Downeast Express

Downwind sailing in the Gulf of Maine with crewman David Niewolski. Photo by Christopher Birch

By Christopher Birch
For Points East

An overnight passage from the Cape Cod Canal directly to Penobscot Bay is a fitting start for a Downeast cruise. It’s a big, bold, adventurous leap to a big, bold and adventurous place. In one fell swoop, you swap out the sand, dune grasses, and warm water of Buzzards Bay for the bald eagles, extreme tides, and spruce-topped granite cliffs of Maine.

The straight shot from the east end of the canal to Monhegan Island, and on to Tenants Harbor at the mouth of Penobscot Bay, is about 140 nautical miles. If you choose instead to sail the local route from the canal to Portland, and then on to Tenants Harbor, making all the usual nightly stops, you’re looking at approximately 190 nautical miles.

In a rough sense, the express route is the hypotenuse of the right triangle formed by the offshore and the coastal routes. The Monhegan route reduces the trip Downeast by 50 miles, while getting you there three to five days faster. The canal is used as a starting point in this example, but the same general logic holds for any other starting point in Massachusetts Bay.

We are lucky here in New England to have so many world-class cruising grounds to choose from, and Downeast Maine is among the finest of them all. Downeast Maine is also the cruise that’s most often “set aside for next year.” The principal reason Southern New England sailors get cold feet about the eastern Maine coast is the perceived time commitment required by such a cruise.

I know of two good solutions to this problem: The first, and best, is to move to Maine full-time. If you can’t pull that off, bring Maine closer to you by getting to the doorstep of Downeast Maine fast via the offshore express route.

The author rowing through Tenants Harbor with a change of crew aboard. Photo by Alexandra Burke

Prevailing summer winds usually provide fine downwind sailing on the straight line to Penobscot Bay. With an early start from the canal, you will likely encounter whales and dolphins on Stellwagen Bank before sunset. At night, you’ll be in the Gulf of Maine and beyond the sight of land. The complete lack of artificial light on a clear night provides optimal stargazing conditions. Landfall on Monhegan Island usually occurs a few hours, one side or the other, of sunrise.

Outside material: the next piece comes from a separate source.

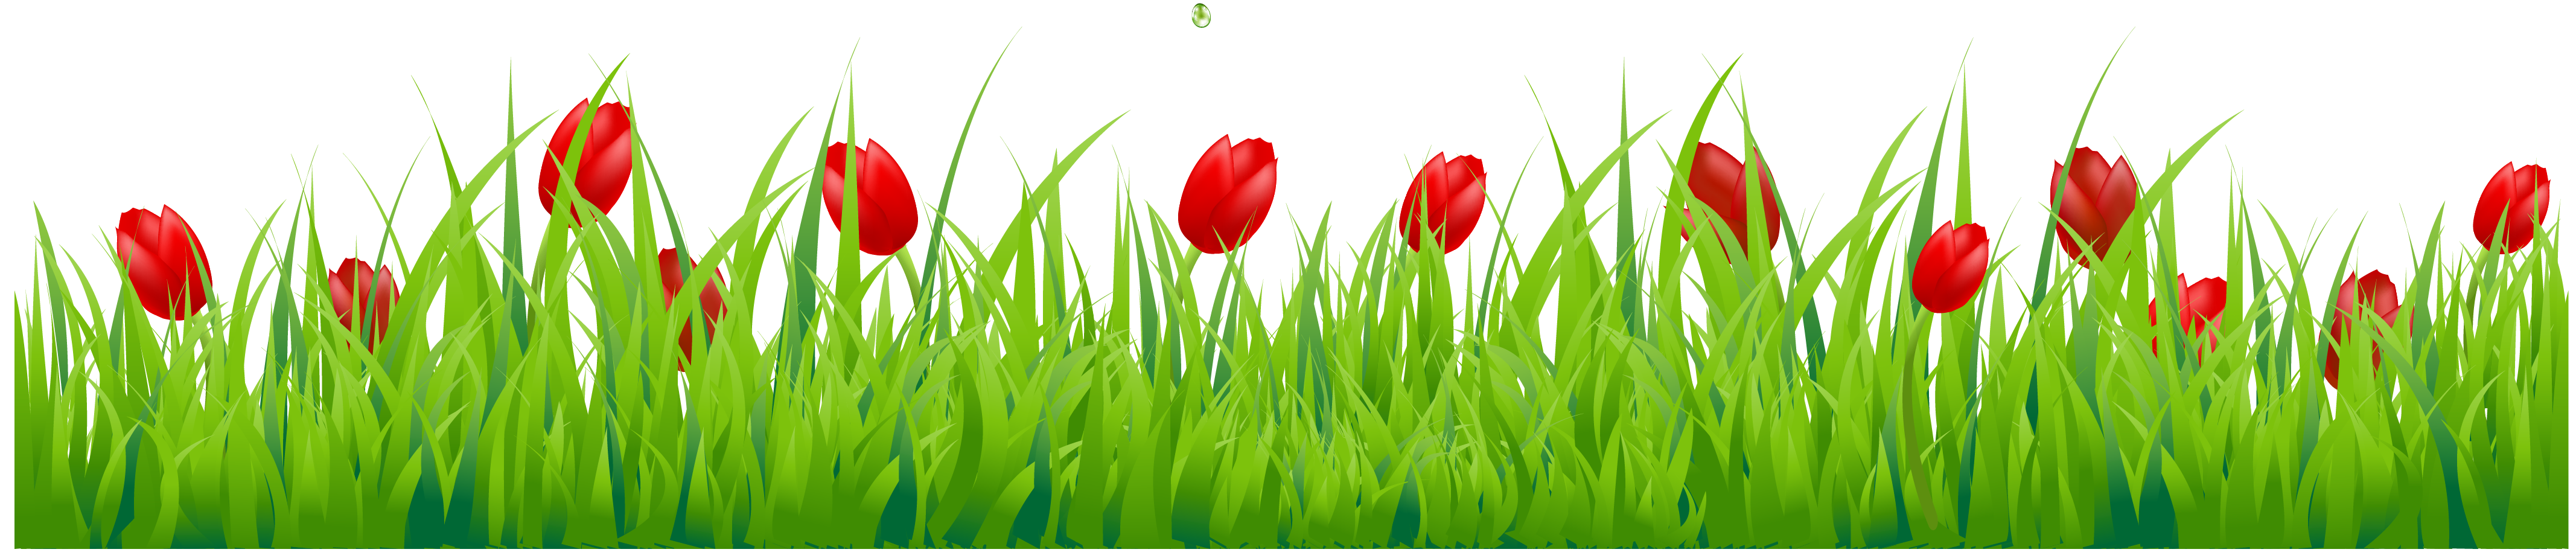 Clipart borders tulip. Grass with red tulips

On top of the mileage savings, and perfect downwind sailing, the express route places you nicely on the seaward side of most of the Maine lobster traps and buoy lines. When running at night, it’s a comfort to know that you are unlikely to snag an unseen trap. The exception is in the waters around Monhegan, where traps are abundant. If your boat’s underbody is prone to catching trap buoys and lines, you’d be well-advised to arrive at Monhegan a bit after sunrise so you can spot these obstacles.

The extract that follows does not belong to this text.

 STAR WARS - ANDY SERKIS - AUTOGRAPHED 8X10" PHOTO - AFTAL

While you won’t find much lobstering between Provincetown and Monhegan, these waters are not devoid of fishing fleets. You will be sailing over, or near, Jeffreys Ledge, Platts Bank and Cashes Ledge, all places where commercial vessels ply their trades. You can expect to see them at their work, or on their way to it, as you pass by.

I remember a news story from a few years back about a nighttime collision at sea between two Casco Bay fishing boats. One of the captains would typically drop his home mooring at o’dark hundred and catch a nap as his boat steamed out to the fishing grounds on autopilot. He would slump over his helm station, on a bed pillow for comfort.

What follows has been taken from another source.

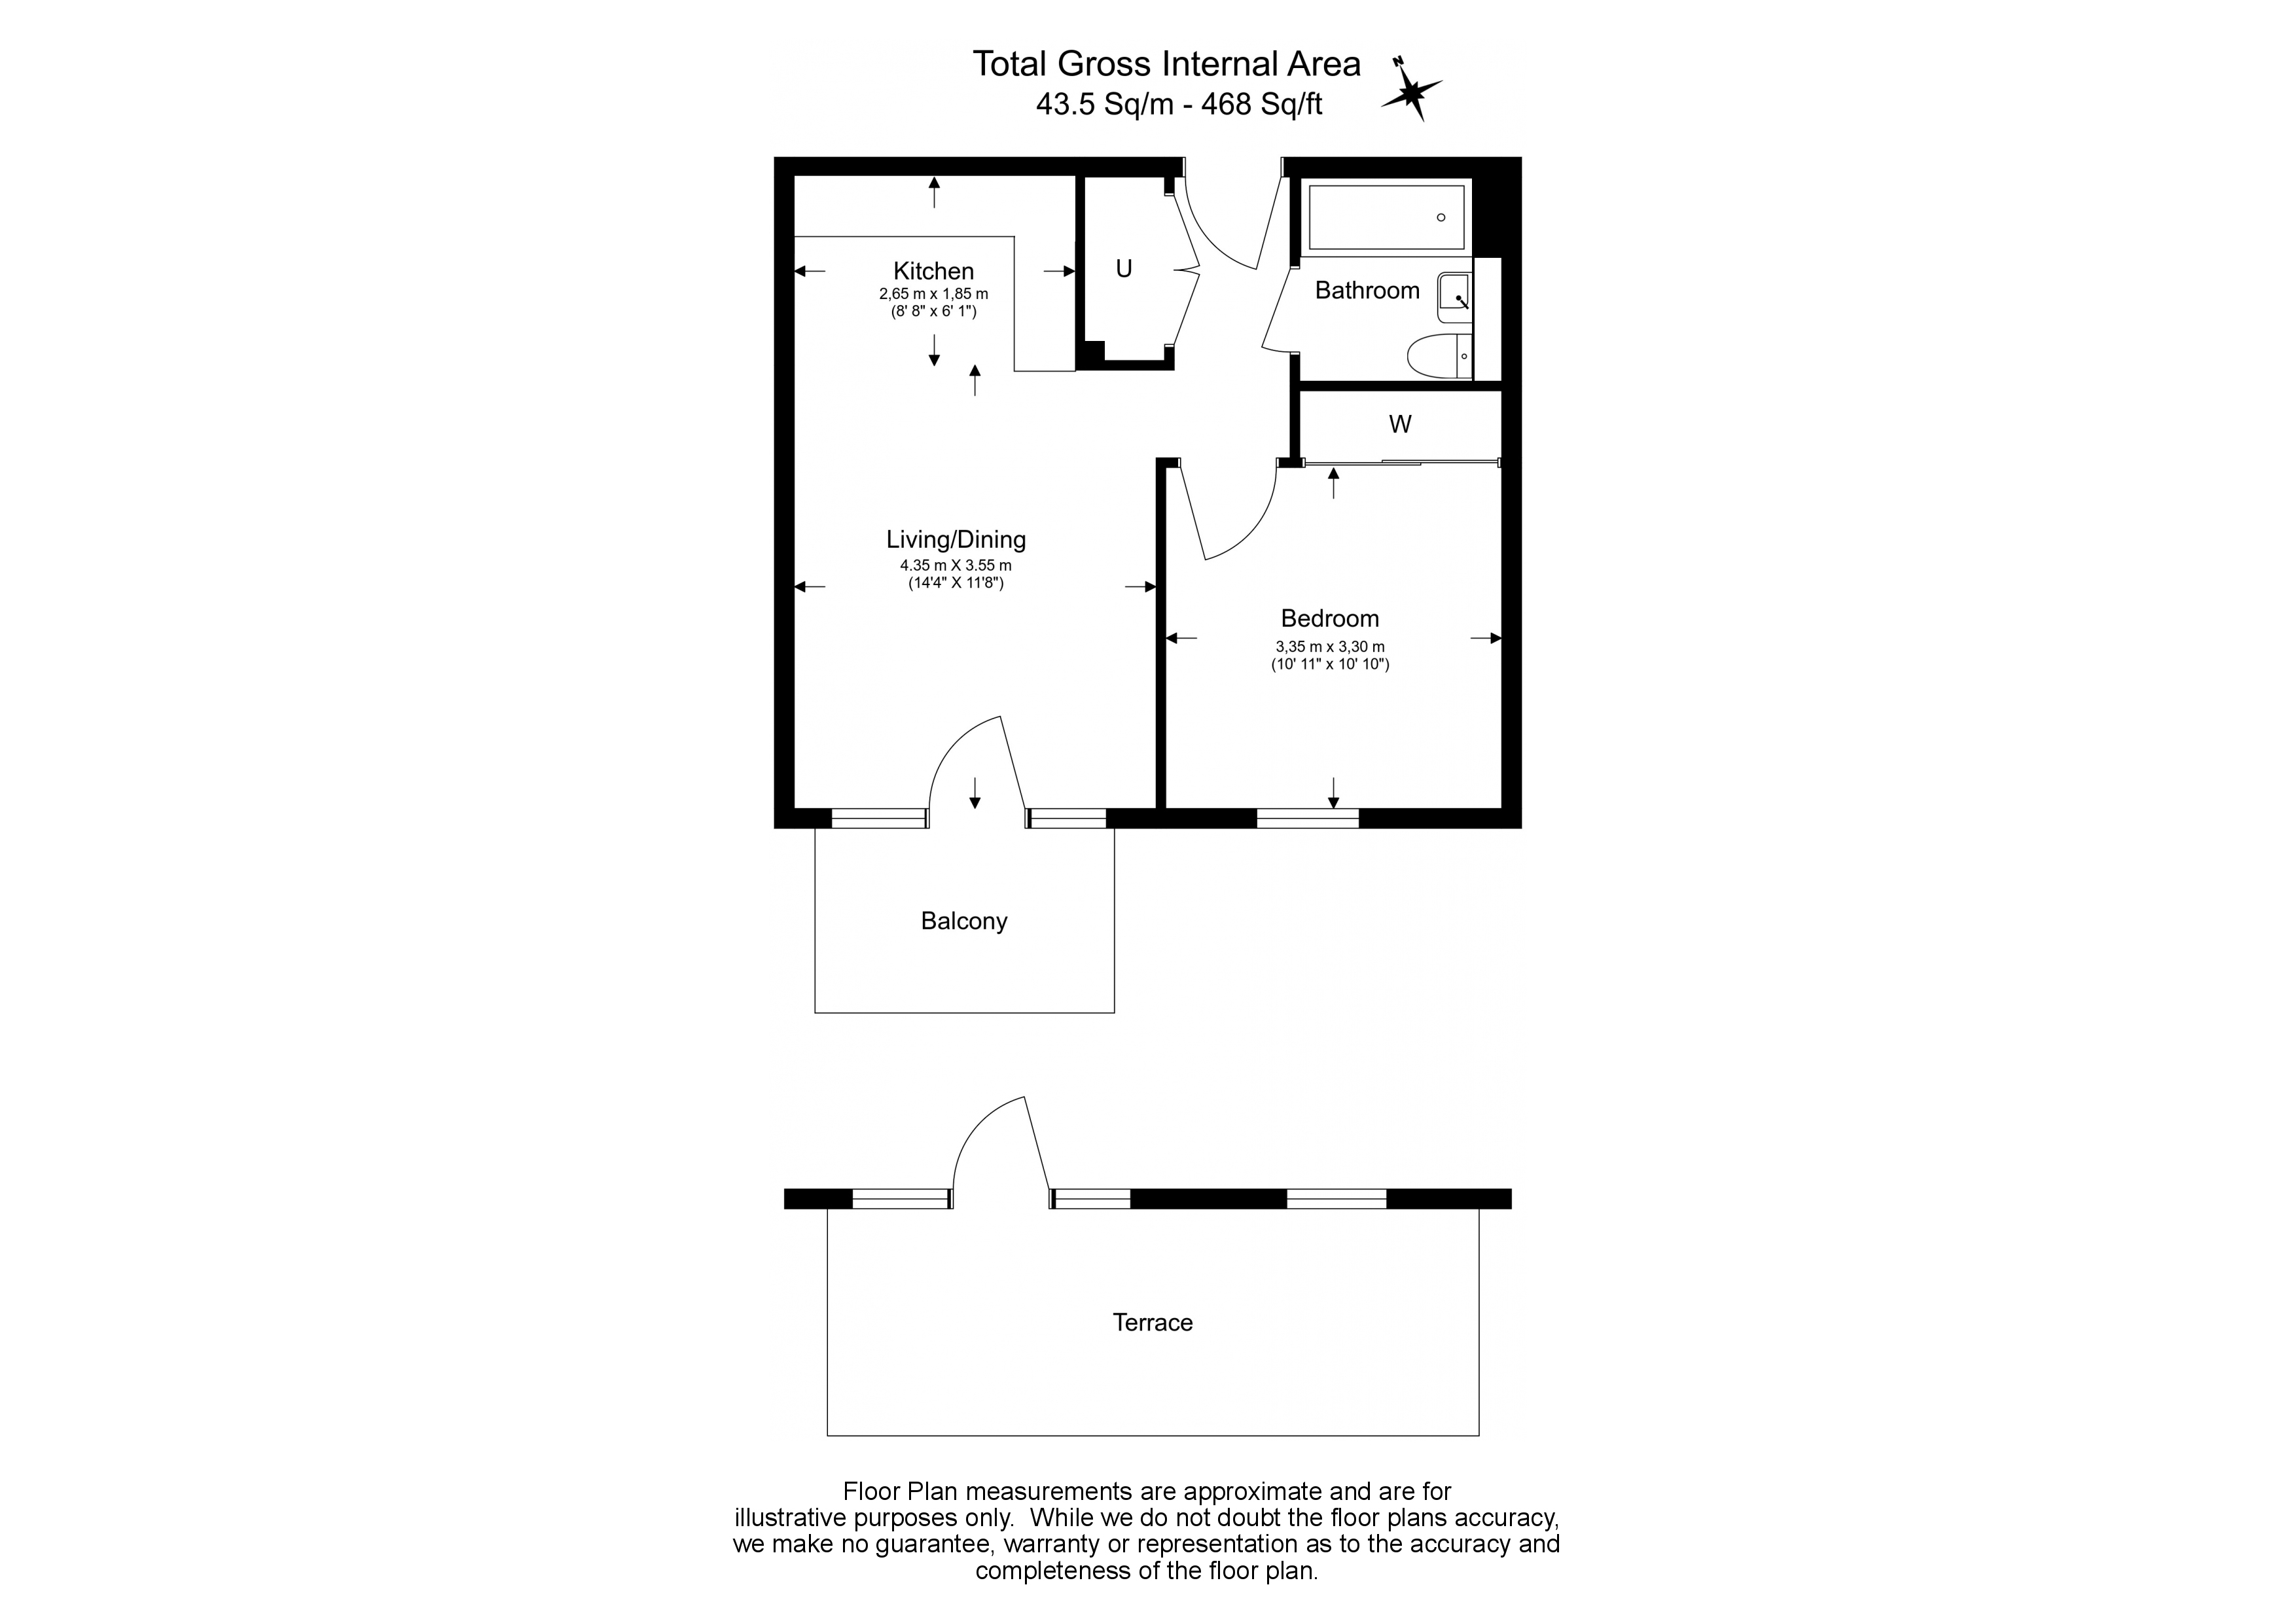 1 bedroom apartments/flats to sale in Green Park Village, Reading-Floorplan

Long story short, both boats and crews survived the inevitable collision, but the slumbering skipper was thrown headfirst through his windshield and sustained significant facial injuries. Interviewed by a local paper during his recovery, he was reportedly asked if he planned to revise his nighttime watch-keeping practices. First and foremost, he was said to reply, in the future, when settling in for a nap, he planned to lie feet-first to the helm, wearing good boots. On the express route, you can enjoy some dry Maine humor even before you get there.

Monhegan Harbor lies in the narrow passage between Monhegan Island and neighboring Manana Island. In moderate wind conditions, the passage is easy to enter from the southwest and simple to exit to the northeast. So easy, in fact, that cruisers on a tight schedule, with no time to stop, can pass right through the harbor – in from the south and out from the north – without going out of their way. Monhegan is so exactly on the line, it’s easier to go through the harbor than to pass around the island.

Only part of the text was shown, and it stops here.